- Given data -

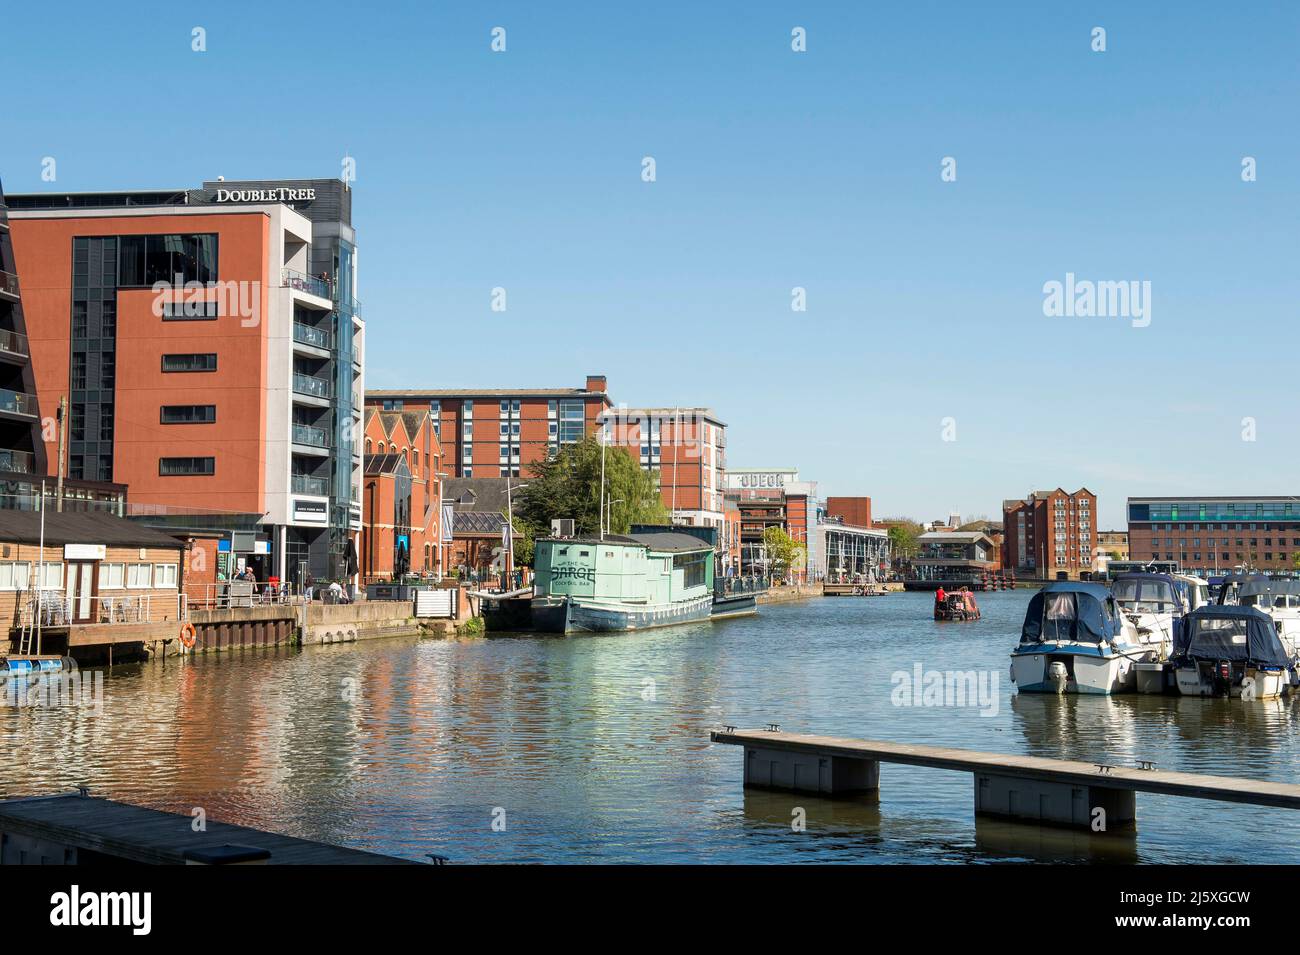 Lincoln, eine historische Domstadt in der Grafschaft Lincolnshire, Großbritannien.das Bild zeigt die Uferpromenade der Stadt - Brayford Wharf - inklusive Boote, RE Stockfoto
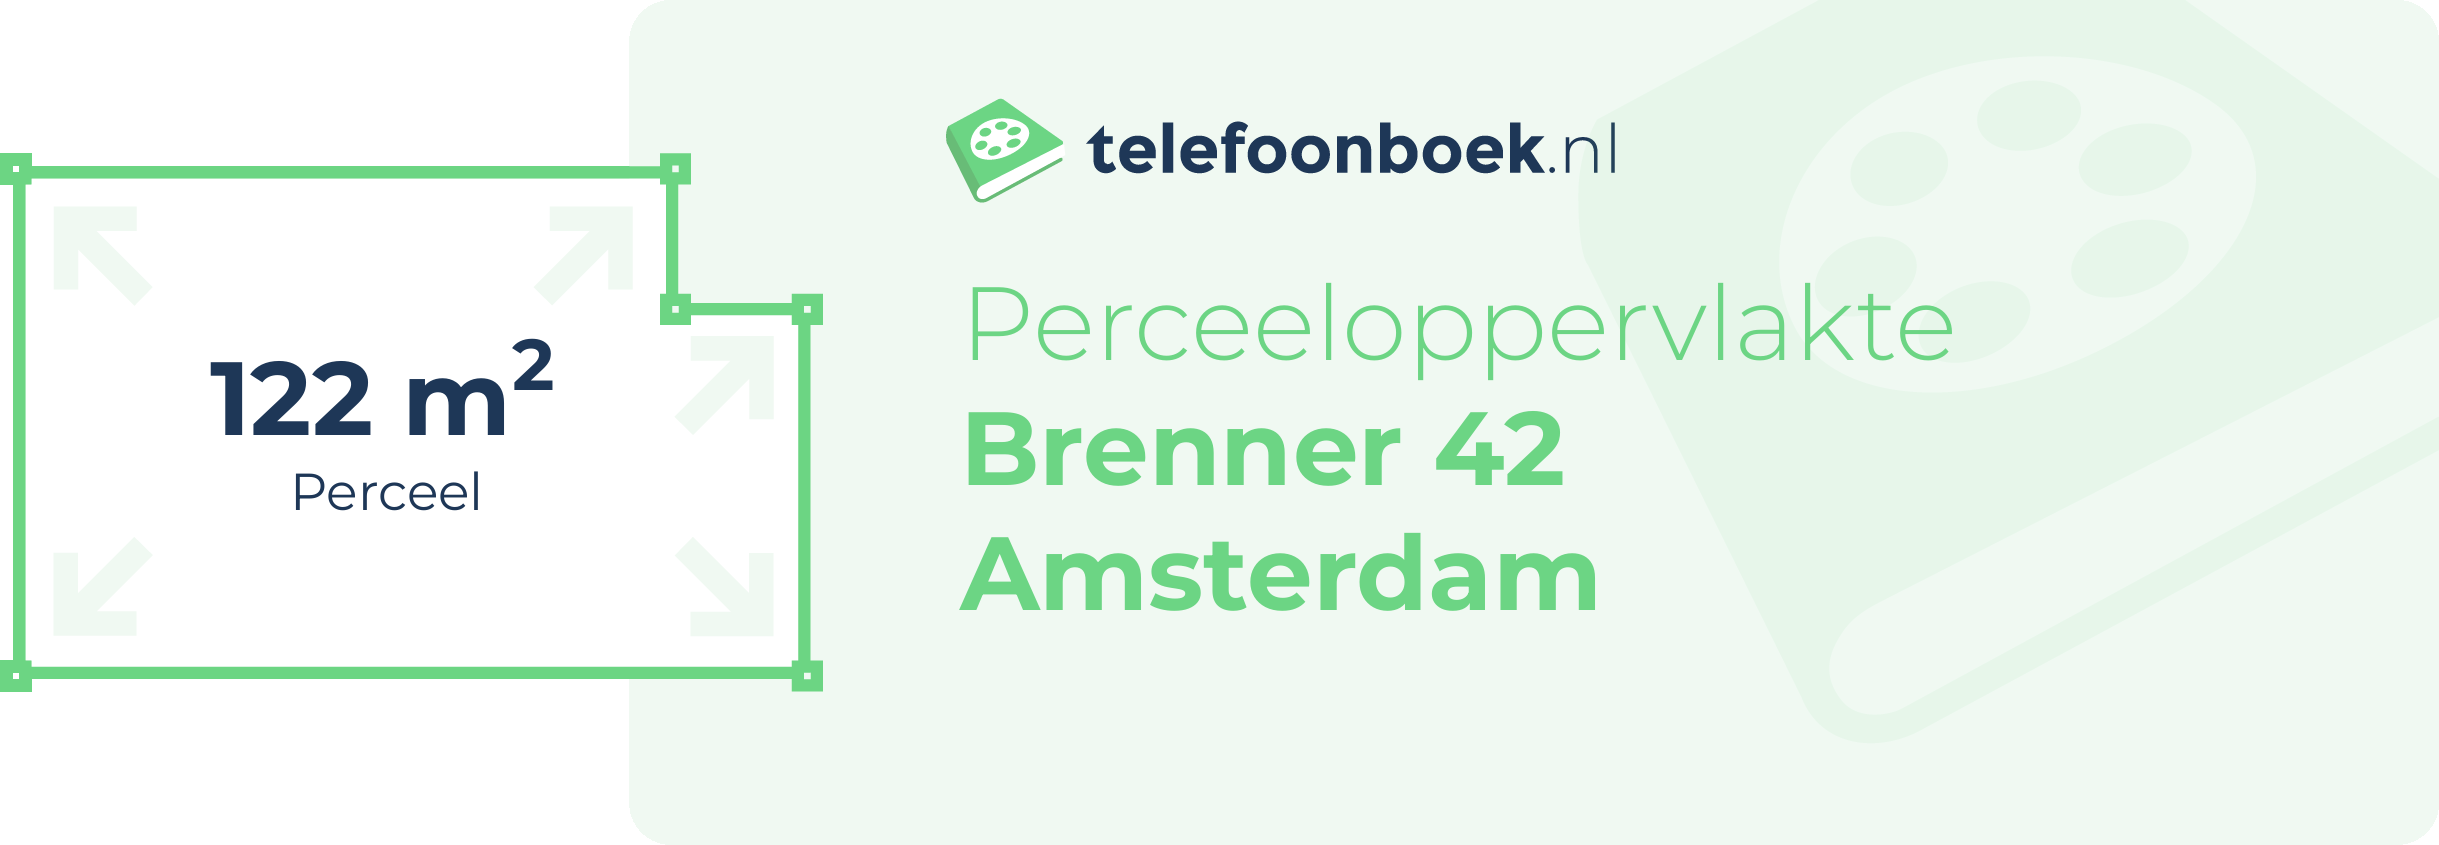 Perceeloppervlakte Brenner 42 Amsterdam
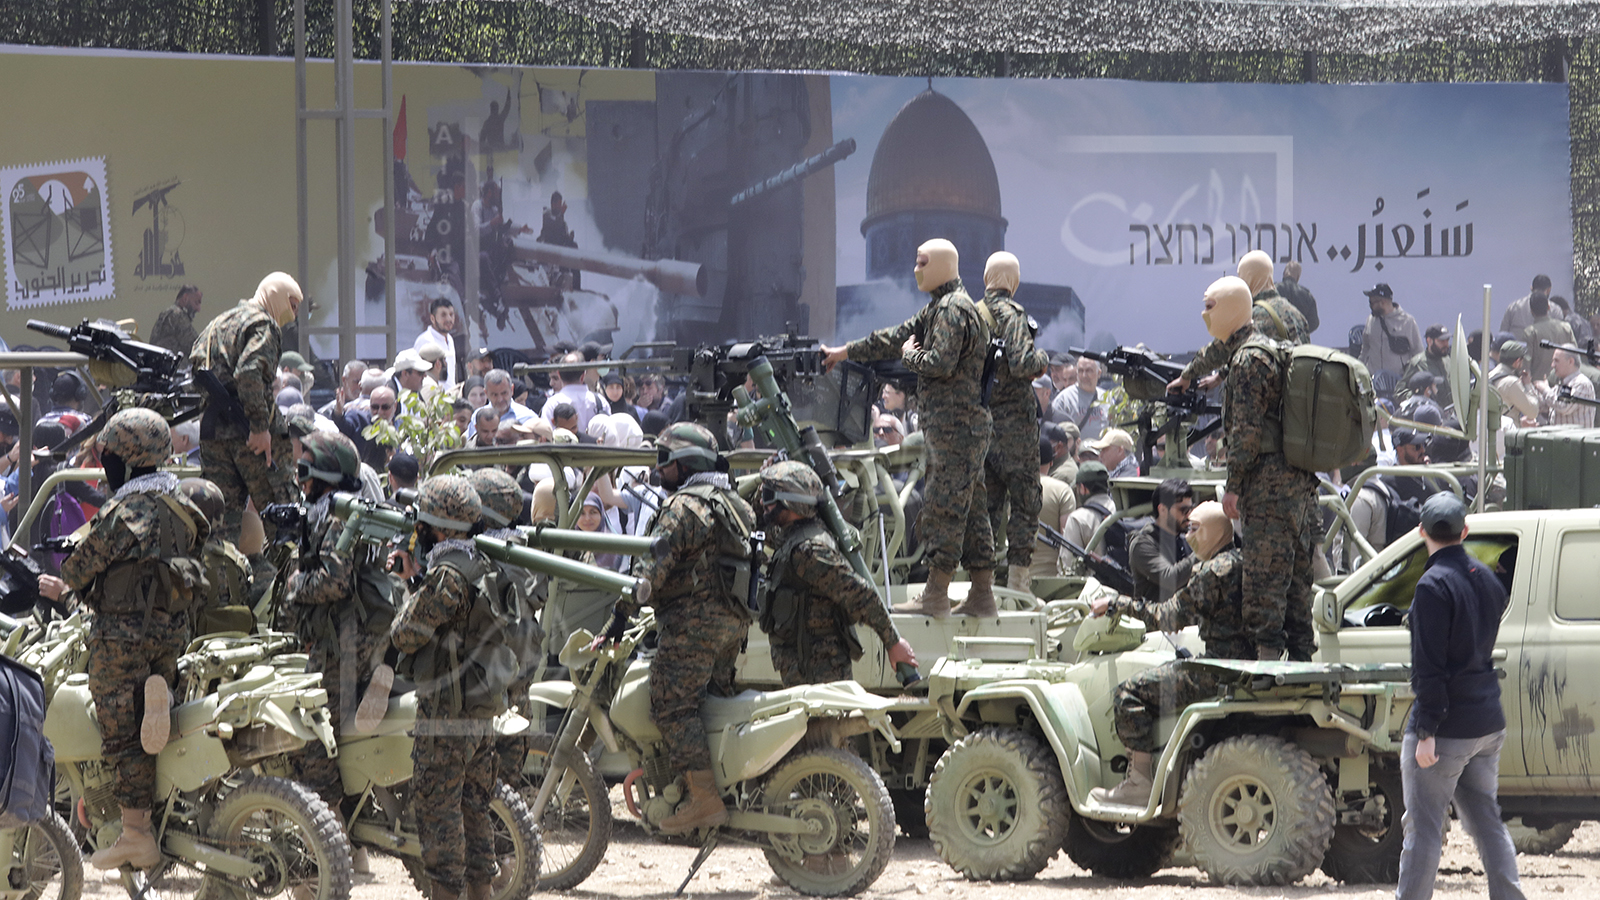 مناورة حزب الله العسكرية مشهودة إعلامياً: جاهزون للحرب
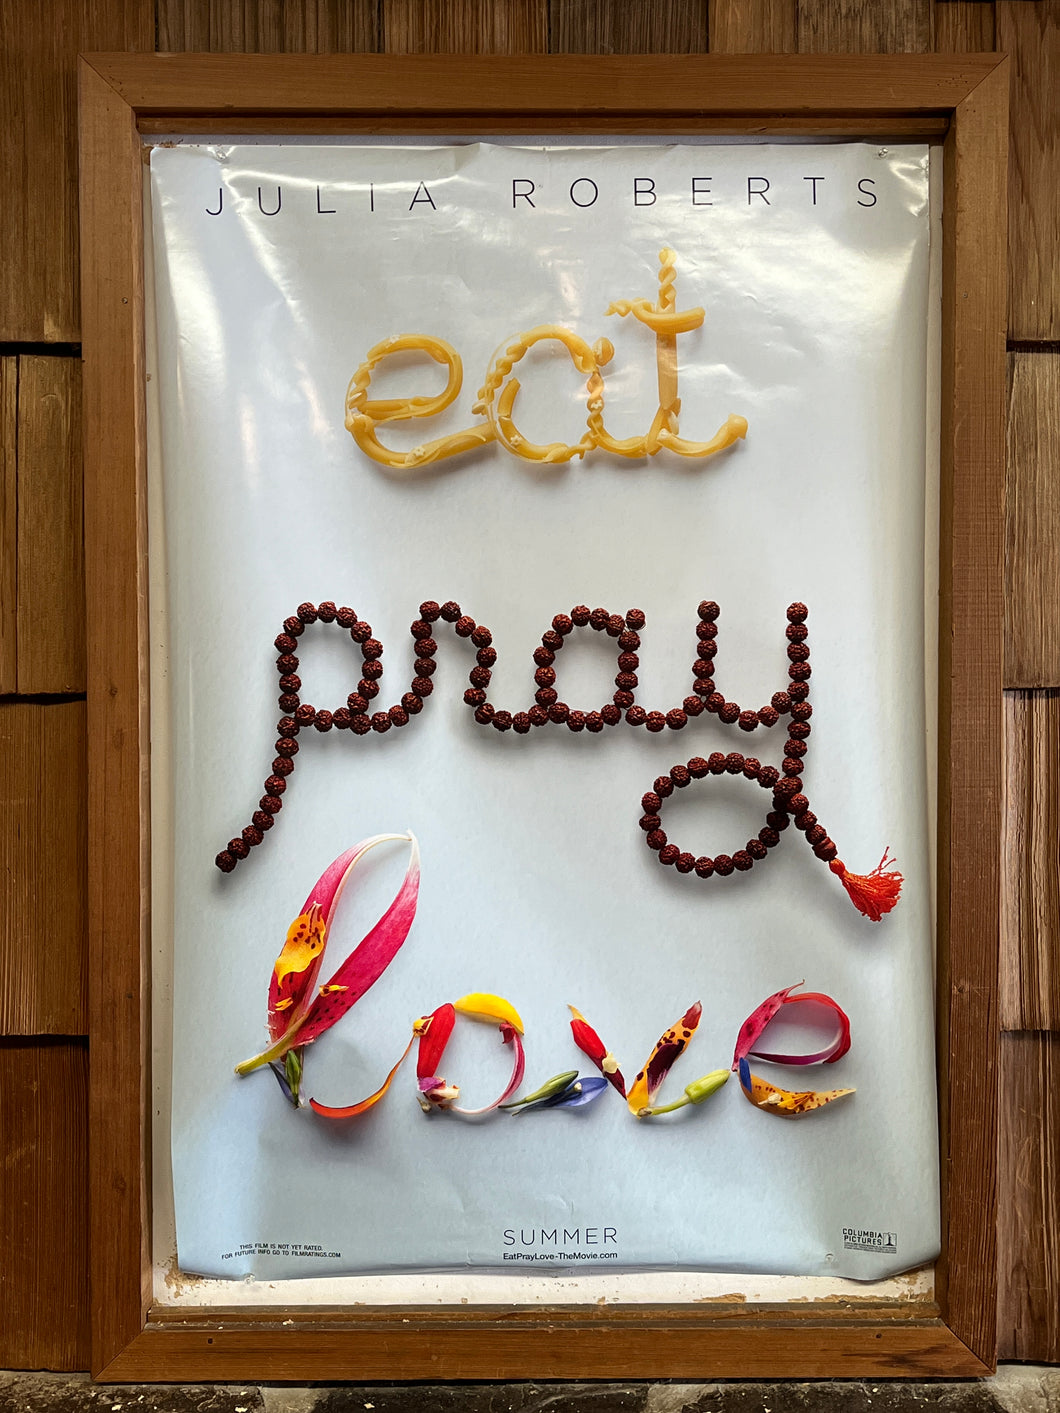 Eat Pray Love (2010)
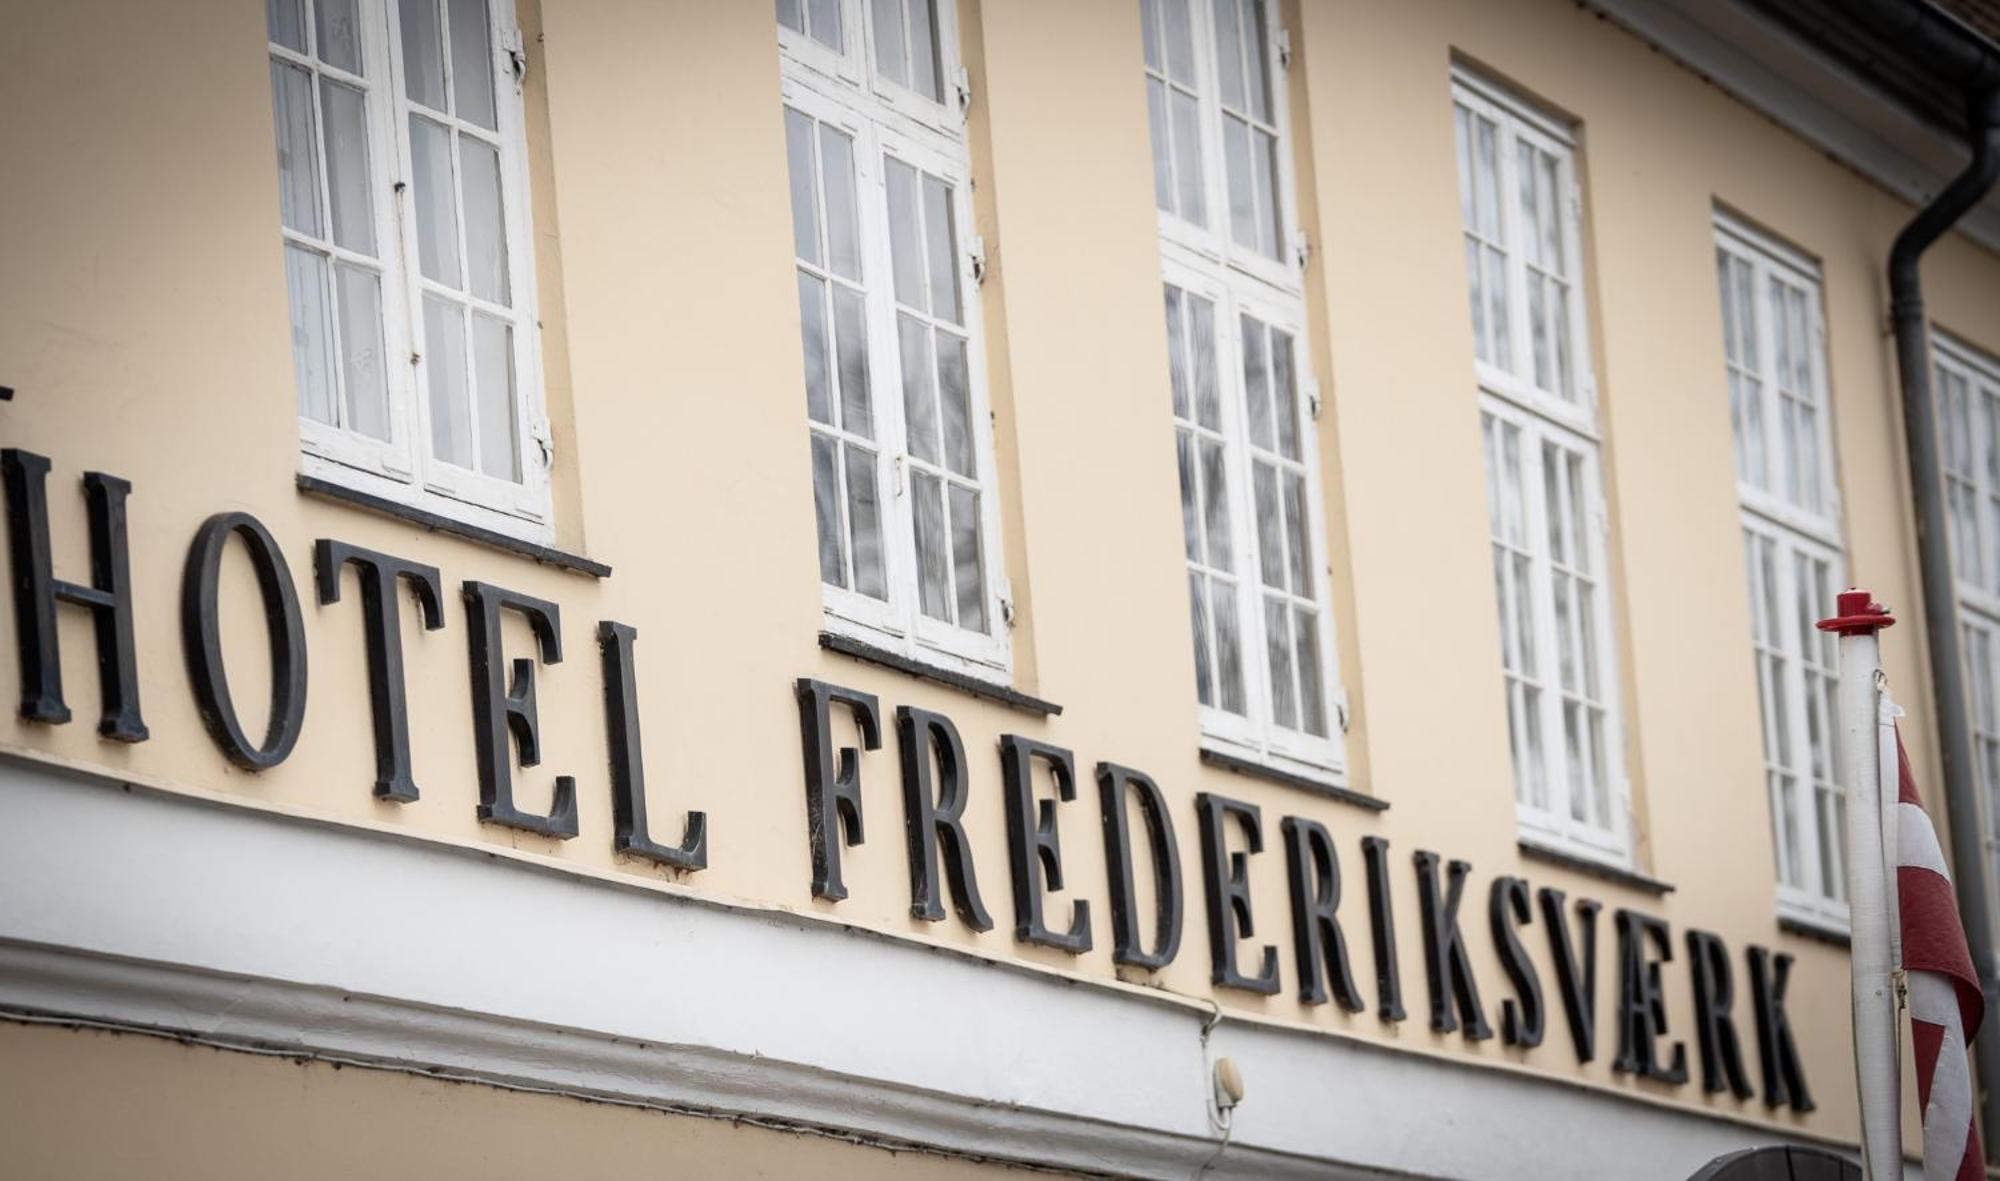 Frederiksvaerk Hotel Exterior photo

- What is required -
Starting at the line where "مناورة حزب الله" appears, restate every line through the end of the records above exactly, but omit the pictures.

- Result -
 مناورة حزب الله العسكرية مشهودة إعلامياً: جاهزون للحرب
 Eat Pray Love (2010)
 Frederiksvaerk Hotel Exterior photo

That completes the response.